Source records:
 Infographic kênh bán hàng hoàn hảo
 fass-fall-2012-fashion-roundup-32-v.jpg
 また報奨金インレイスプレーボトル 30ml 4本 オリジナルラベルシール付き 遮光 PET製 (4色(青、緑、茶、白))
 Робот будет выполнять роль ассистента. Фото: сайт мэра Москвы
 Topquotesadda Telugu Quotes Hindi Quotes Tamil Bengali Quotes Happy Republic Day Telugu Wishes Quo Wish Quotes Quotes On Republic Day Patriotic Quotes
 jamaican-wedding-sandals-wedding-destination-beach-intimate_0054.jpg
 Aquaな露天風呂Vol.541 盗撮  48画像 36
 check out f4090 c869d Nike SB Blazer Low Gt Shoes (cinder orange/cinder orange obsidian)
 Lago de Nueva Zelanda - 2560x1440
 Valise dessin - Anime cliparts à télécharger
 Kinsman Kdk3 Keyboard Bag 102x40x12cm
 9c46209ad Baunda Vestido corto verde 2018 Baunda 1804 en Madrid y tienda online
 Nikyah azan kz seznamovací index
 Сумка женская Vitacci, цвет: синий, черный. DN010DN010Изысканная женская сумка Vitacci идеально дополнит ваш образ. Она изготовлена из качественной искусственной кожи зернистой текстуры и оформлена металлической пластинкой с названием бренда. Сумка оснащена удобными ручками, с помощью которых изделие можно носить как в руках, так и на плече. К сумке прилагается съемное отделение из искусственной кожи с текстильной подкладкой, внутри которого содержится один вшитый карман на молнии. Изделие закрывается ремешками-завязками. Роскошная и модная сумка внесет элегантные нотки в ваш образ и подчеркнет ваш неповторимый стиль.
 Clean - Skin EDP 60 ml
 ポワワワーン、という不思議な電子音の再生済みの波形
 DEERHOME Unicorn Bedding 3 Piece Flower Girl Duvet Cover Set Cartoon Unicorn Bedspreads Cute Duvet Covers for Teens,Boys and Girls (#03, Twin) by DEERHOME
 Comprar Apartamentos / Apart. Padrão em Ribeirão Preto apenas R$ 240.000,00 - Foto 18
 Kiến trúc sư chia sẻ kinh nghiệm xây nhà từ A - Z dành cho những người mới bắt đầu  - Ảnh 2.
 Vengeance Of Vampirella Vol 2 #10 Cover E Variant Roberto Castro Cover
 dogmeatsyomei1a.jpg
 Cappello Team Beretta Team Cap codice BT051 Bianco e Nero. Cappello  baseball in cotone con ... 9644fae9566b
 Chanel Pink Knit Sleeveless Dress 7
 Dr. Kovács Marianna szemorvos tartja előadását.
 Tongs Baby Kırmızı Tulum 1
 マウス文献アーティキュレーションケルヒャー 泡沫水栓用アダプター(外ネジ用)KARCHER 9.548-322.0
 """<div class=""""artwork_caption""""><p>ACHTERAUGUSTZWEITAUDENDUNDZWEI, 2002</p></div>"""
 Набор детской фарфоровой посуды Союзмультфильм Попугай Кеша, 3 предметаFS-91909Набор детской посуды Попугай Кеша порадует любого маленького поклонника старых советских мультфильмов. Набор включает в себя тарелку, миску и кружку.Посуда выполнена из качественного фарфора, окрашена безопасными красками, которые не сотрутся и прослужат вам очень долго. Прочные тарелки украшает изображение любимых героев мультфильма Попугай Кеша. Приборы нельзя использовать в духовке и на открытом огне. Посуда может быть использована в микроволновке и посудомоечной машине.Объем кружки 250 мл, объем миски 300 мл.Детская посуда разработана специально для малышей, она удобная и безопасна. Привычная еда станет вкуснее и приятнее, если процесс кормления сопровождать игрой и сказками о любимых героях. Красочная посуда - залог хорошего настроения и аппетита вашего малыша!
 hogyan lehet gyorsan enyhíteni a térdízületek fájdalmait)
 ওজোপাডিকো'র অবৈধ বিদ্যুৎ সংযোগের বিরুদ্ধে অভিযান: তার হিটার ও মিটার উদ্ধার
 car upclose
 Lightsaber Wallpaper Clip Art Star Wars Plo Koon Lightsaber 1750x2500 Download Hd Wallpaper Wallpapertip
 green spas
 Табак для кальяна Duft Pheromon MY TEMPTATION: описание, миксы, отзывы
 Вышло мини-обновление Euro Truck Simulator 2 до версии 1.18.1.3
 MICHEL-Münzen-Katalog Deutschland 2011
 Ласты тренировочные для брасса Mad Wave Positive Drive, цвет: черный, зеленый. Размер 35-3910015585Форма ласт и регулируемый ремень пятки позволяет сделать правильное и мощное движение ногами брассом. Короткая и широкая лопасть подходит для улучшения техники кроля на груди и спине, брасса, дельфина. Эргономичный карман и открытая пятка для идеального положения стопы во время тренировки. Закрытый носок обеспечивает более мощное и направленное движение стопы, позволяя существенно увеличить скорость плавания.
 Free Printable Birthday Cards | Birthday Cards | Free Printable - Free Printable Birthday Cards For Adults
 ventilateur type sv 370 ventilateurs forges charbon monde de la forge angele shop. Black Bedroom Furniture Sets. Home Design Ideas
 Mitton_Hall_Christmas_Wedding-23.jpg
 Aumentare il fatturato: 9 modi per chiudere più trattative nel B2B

» Work to complete: All that is needed is the exact run of lines above from the line containing "car upclose" through the line containing "MICHEL-Münzen-Katalog Deutschland 2011", both of them included.

» Solution for this problem:
 car upclose
 Lightsaber Wallpaper Clip Art Star Wars Plo Koon Lightsaber 1750x2500 Download Hd Wallpaper Wallpapertip
 green spas
 Табак для кальяна Duft Pheromon MY TEMPTATION: описание, миксы, отзывы
 Вышло мини-обновление Euro Truck Simulator 2 до версии 1.18.1.3
 MICHEL-Münzen-Katalog Deutschland 2011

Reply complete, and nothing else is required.